When she had finished the coffee he told her to put on her bonnet and come down to the Opera-House.

"First of all you shall familiarize yourself with your surroundings. Then you shall practise. But let me look at you—yes, it is in good taste."

He alluded to the new poke-bonnet, bought, after much deliberation, just before their departure; it was coquettish, and wreathed with yellow rosebuds. She wore mittens, and gave him her arm; he himself was dressed in his handsome best. Never before had they walked out together in this manner, and their new formality effected a slight alteration in their relations together; both were a trifle constrained.

"There," he said, "is the famous school where you might at this moment be learning to become a dancer."

"It looks like a prison. I prefer your home, and Bruges."

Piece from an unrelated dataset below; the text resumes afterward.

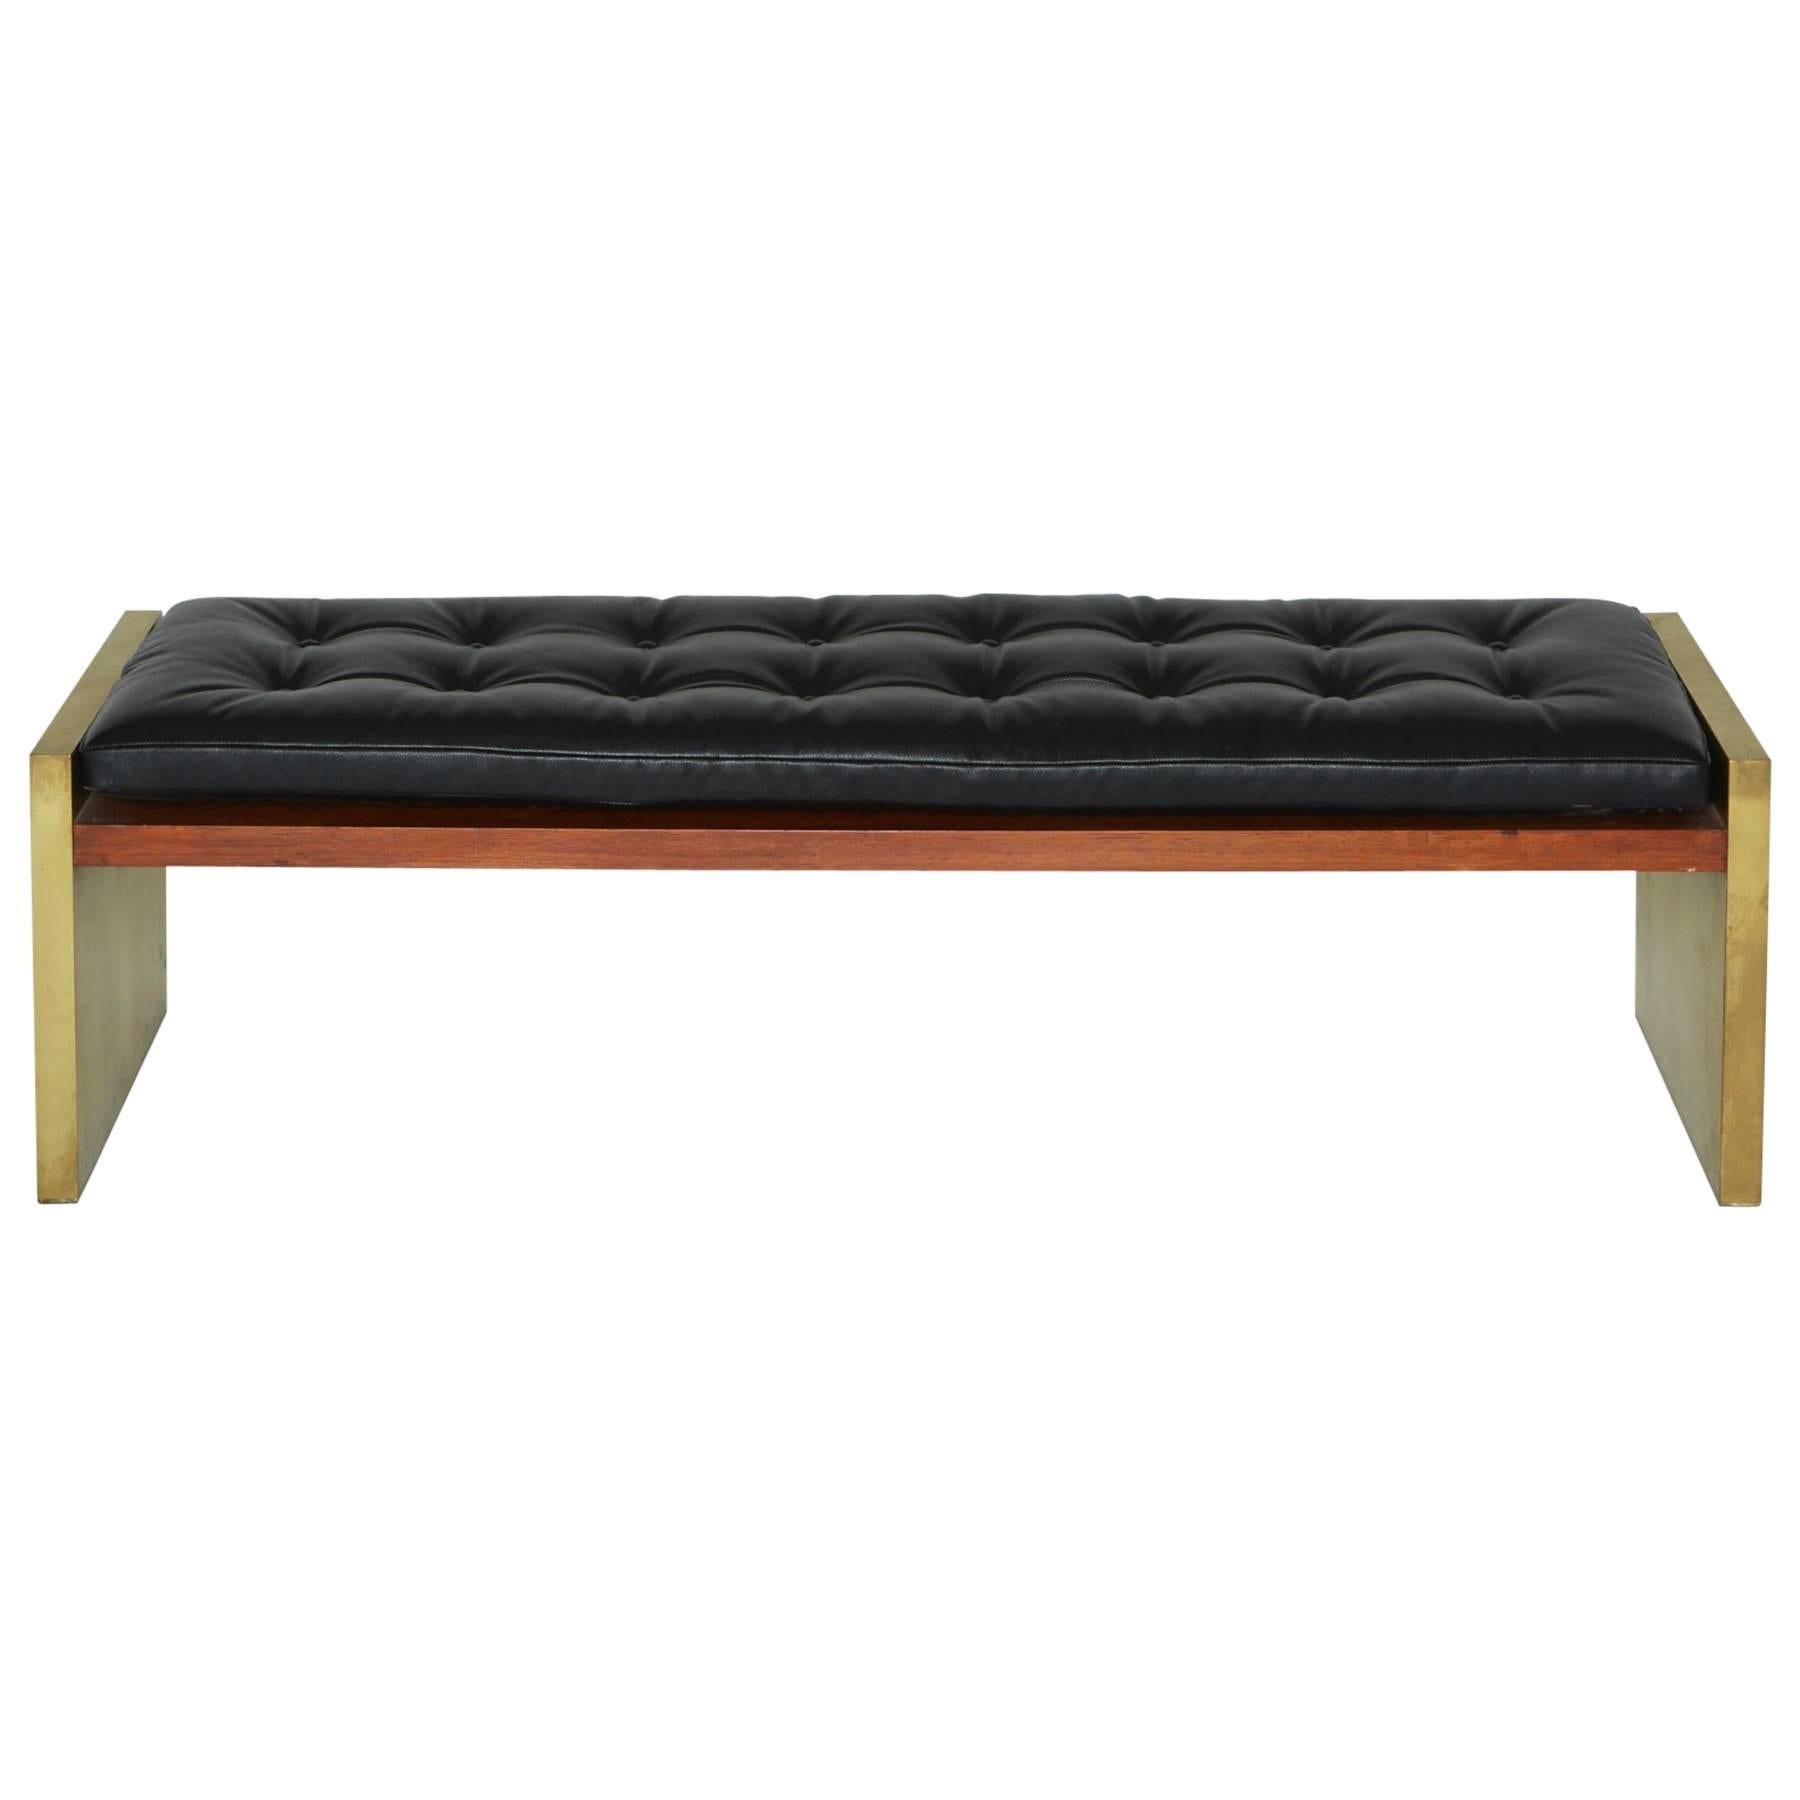 Rare Brass, Leather and Rosewood Bench by Roger Sprunger for Dunbar

She gave his arm a little squeeze of affection.

Once inside the Scala all self-possession died away, and she became so frightened, so miserably apprehensive, that her legs trembled and her tongue clove to the roof of her mouth. The colossal size and dignity of the famous theater, its splendid gilt and chandeliers, the tiers and tiers of red-draped boxes, its vast bleak stage, all its pomp and majesty, combined to make her feel more insignificant, more wretchedly incompetent, than she could ever have believed possible.

She waited, shivering, while Rosing disco ver ed where she was to change.

"Make haste, my child, and then come back here. We must get in some practise."